Search code examples
sed

multiple lines selection in sed with custom delimiter, why do I need to escape twice?


What I want to do

  • I want to parse a file to remove all lines before and after given patterns A and B (excluding pattern A and B).
  • I also want to use a custom delimiter instead of /.

What I tried

Deleting lines

Inspired by this question, the following does give the expected output

'/A/,/B/{//!d}'

Replacing the delimiter

Now, I want to modify my answer to use another delimiter than /; let say | instead.

I would write the following

'\|B|,|F|{//!d}'

but this fails with the following error message

sed: -e expression #1, char 6: unexpected `,'

Escaping the delimiter

Escaping the third | fixes my issue.

'\|B|,\|F|{//!d}'

The question

Why can't I freely replace the delimiter in this solution

'\|B|,|F|{//!d}'

such that I had to do that instead

'\|B|,\|F|{//!d}'

Solution

  • why do I need to escape twice?

    You do not escape anything, this is the syntax of sed language. The context address, which is part of sed language, has the syntax:

    /<regexp>/
    

    or

    \C<regexp>C
    

    where C is any single character. See for exmaple POSIX standard https://pubs.opengroup.org/onlinepubs/9699919799/utilities/sed.html section Regular Expressions in sed:

    In a context address, the construction "\cBREc", where c is any character other than <backslash> or <newline>, shall be identical to "/BRE/". If the character designated by c appears following a <backslash>, then it shall be considered to be that literal character, which shall not terminate the BRE. For example, in the context address "\xabc\xdefx", the second x stands for itself, so that the BRE is "abcxdef".

    The \ is part of the context address expression syntax, so has to be everywhere where such address expression form is used.

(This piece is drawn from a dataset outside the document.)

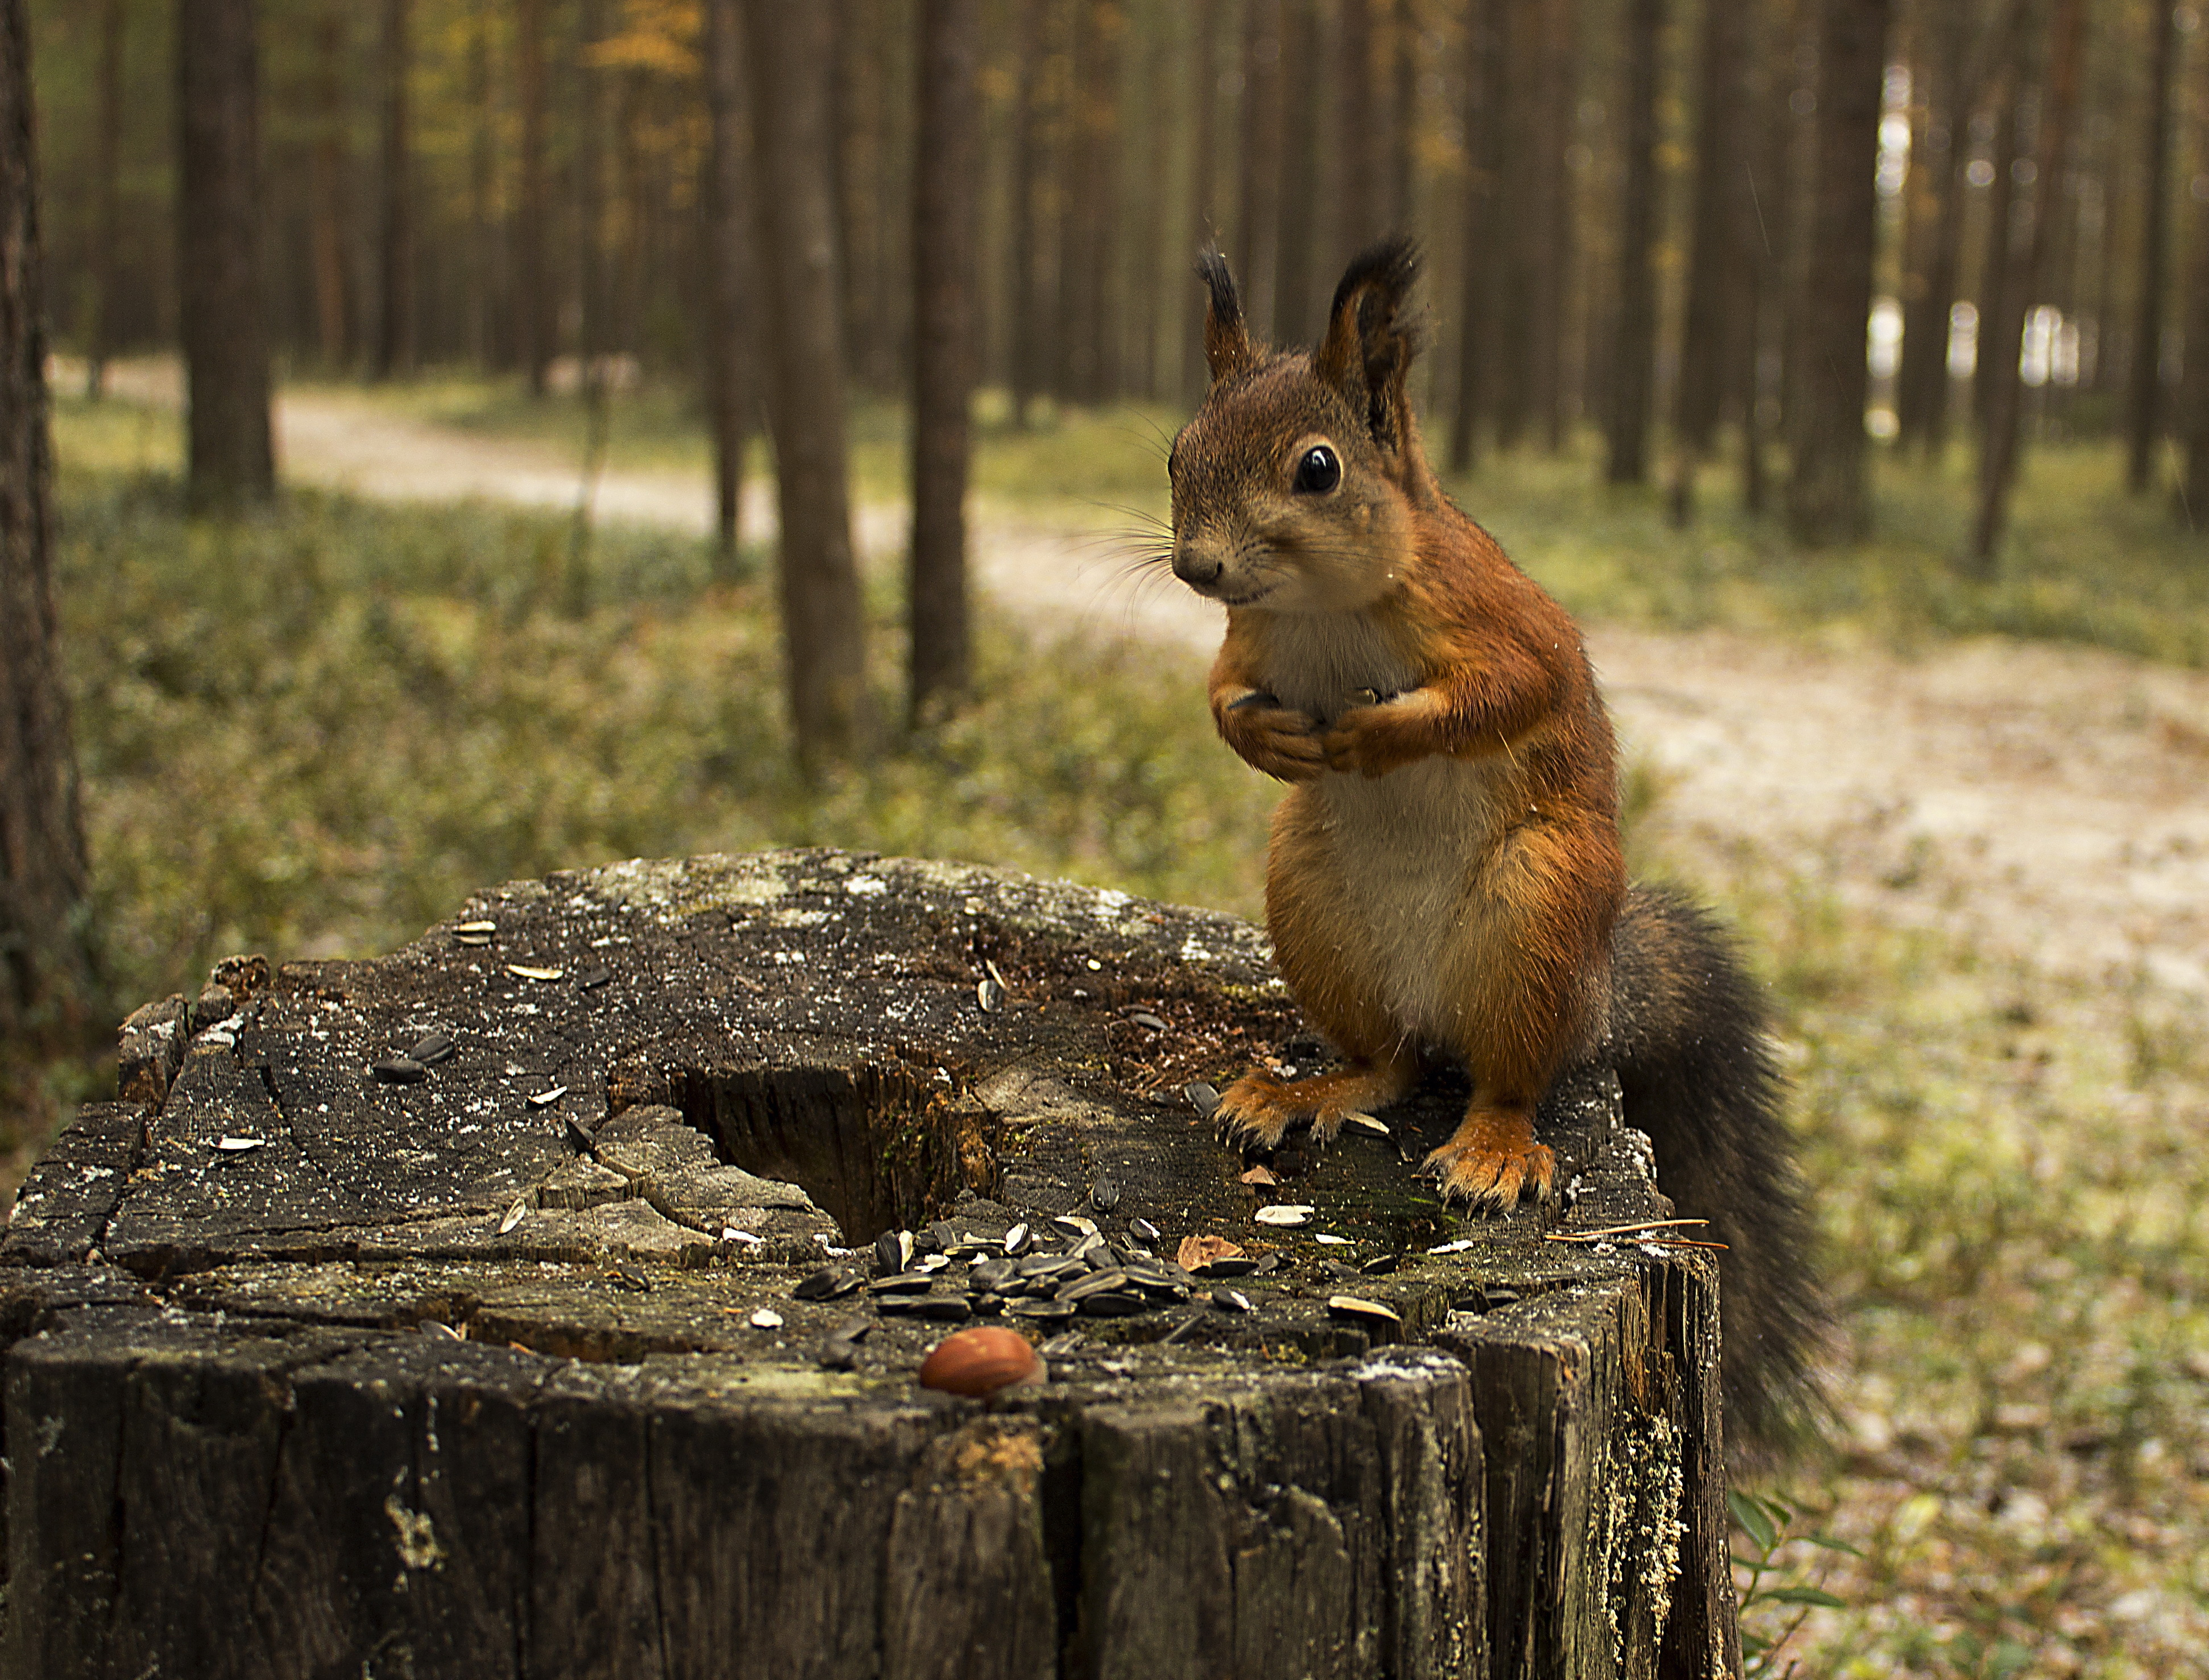 природа осень животное корзина семечки белка  № 2096038 загрузить

There is no "escaping", it is just part of the sed language syntax.

    If you want to use two addresses with two context addresses and both of them addresses use the form with a custom delimiter, they just both have to be in the form of \C<regexp>C.

    If it is no trouble, can you complete your answer to include a quick explanation regarding why the syntax of s|a|b| seemingly does not require the delimiter character to be reintroduced for the second pattern ?

    sed was invented the way it is by Lee E. McMahon, or rather ed was invented the way it is by the prophet Ken Thompson. There is no particular "why", rather "it is what it is". POSIX in this case only standardizes existing sed implementations.

    Quoting again from the POSIX spec:

    [2addr]s/BRE/replacement/flags

    Substitute the replacement string for instances of the BRE in the pattern space. Any character other than <backslash> or <newline> can be used instead of a <slash> to delimit the BRE and the replacement. Within the BRE and the replacement, the BRE delimiter itself can be used as a literal character if it is preceded by a <backslash>.